Ansprechpersonen sind Vertrauenspersonen

Die Ansprechpersonen seien Vertrauenspersonen. Sie müssen mit Menschen in schwierigen persönlichen Situationen umgehen und die richtigen Unterstützungsmassnahmen selber anbieten oder einleiten können. Deshalb seien genaue Kenntnisse über das Verfahren an der Universität und über weitergehende Beratungs- und Unterstützungsangebote unabdingbar. Die drei mit der Umsetzung betrauten Personen wurden kürzlich an einer Weiterbildung entsprechend geschult, wie Maurer weiter erklärte.

Mit dem Reglement habe sich einiges verändert, gab sich Maurer überzeugt. Die Personen, die Beratung suchten, seien oft sehr genau informiert, dass die Universität Zürich sexuelle Übergriffe nicht dulde. Zum Glück jedoch sei dieses Thema selten Gegenstand der Beratung.

«Mit dem Reglement hat sich einiges verändert», zeigte sich Elisabeth Maurer, Leiterin der UniFrauenstelle – Gleichstellung für Frau und Mann, überzeugt.

Psychische Belastungen

Aus Sicht der Psychologin und Psychotherapeutin beleuchtete Dr. Caroline Steinacher, welche Reaktionen eine sexuelle Belästigung – also eine Verletzung der Würde der Person auslösen kann. Der Bezug zum Arbeitsplatz mit seinen vielfältigen Abhängigkeitsphänomenen spiele eine besondere Rolle, so Steinacher. Aber auch das individuelle Schamgefühl, weil die Betroffenen oft versuchten, den Eingriff in die Intimsphäre aus Schamgefühl zu verschweigen. Zu psychischen Belastungen könnten aber auch falsche Beschuldigungen und Unterstellungen führen.

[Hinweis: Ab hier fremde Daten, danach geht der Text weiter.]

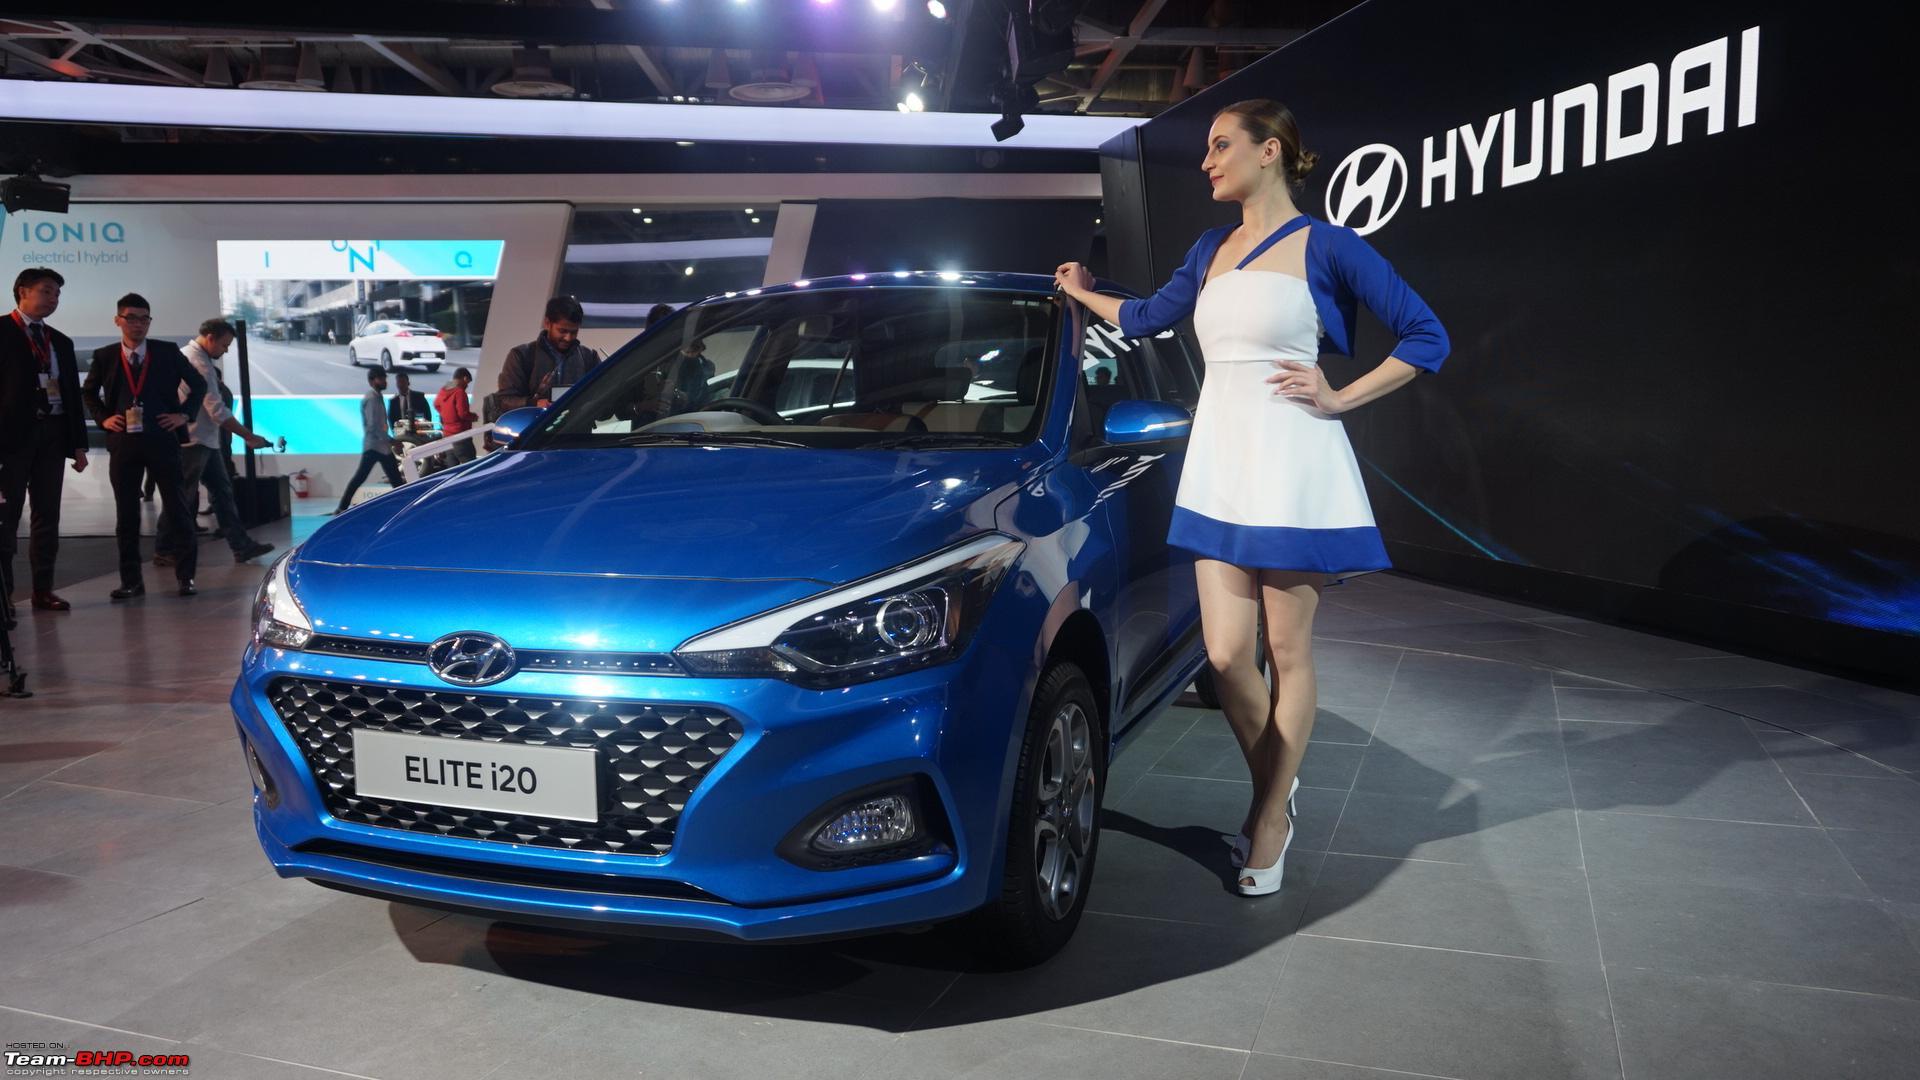 Rumour Hyundai Updates Elite I20 Line Up With New Features

Stellvertreterinnen und Stellvertreter gewählt

Neben Tag, Reimann und Maurer bezeichnete die Universitätsleitung in ihrer Sitzung am Donnerstag morgen weitere Personen, die mit dem Vollzug des Reglements befasst sind, wie Reimann berichtete: Der Leiter des Rechtsdienstes, Sven Akeret, ist Stellvertreter von Prof. Tag als untersuchende Person, Rita Stöckli und Thomas Tschümperlin wurden als stellvertretende Ansprechpersonen gewählt. Die Studentin Gianna Fröhlicher ist Ansprechperson mit beratender Funktion für Studierende. Zudem sind im Rechtsdienst Liliane Gross und Wanda Nemec als spezialisierte Beraterinnen und Sachbearbeiterinnnen für die Verfahren im Zusammenhang mit dem Reglement zuständig.

Wichtige Zusatzaspekte

Im zweiten Teil des Symposiums berichtete Dr. Max Hauri, Vizepräsident des Bezirksgerichts Zürich, über den fürsorgerischen Freiheitsentzug im Kontext sexueller Belästigung. Dr. Eva Weishaupt, Leiterin der Kantonalen Opferhilfestelle Zürich, legte dar, welche Rechte einem Opfer zustehen, und wie sie im Opferhilfegesetzt geregelt sind. Beide Beiträge gaben Einblicke in Themenbereiche, die für viele erst auf den zweiten Blick mit dem Symposiumsthema verbunden waren, aber wichtige Zusatzaspekte zum Thema aufzeigten.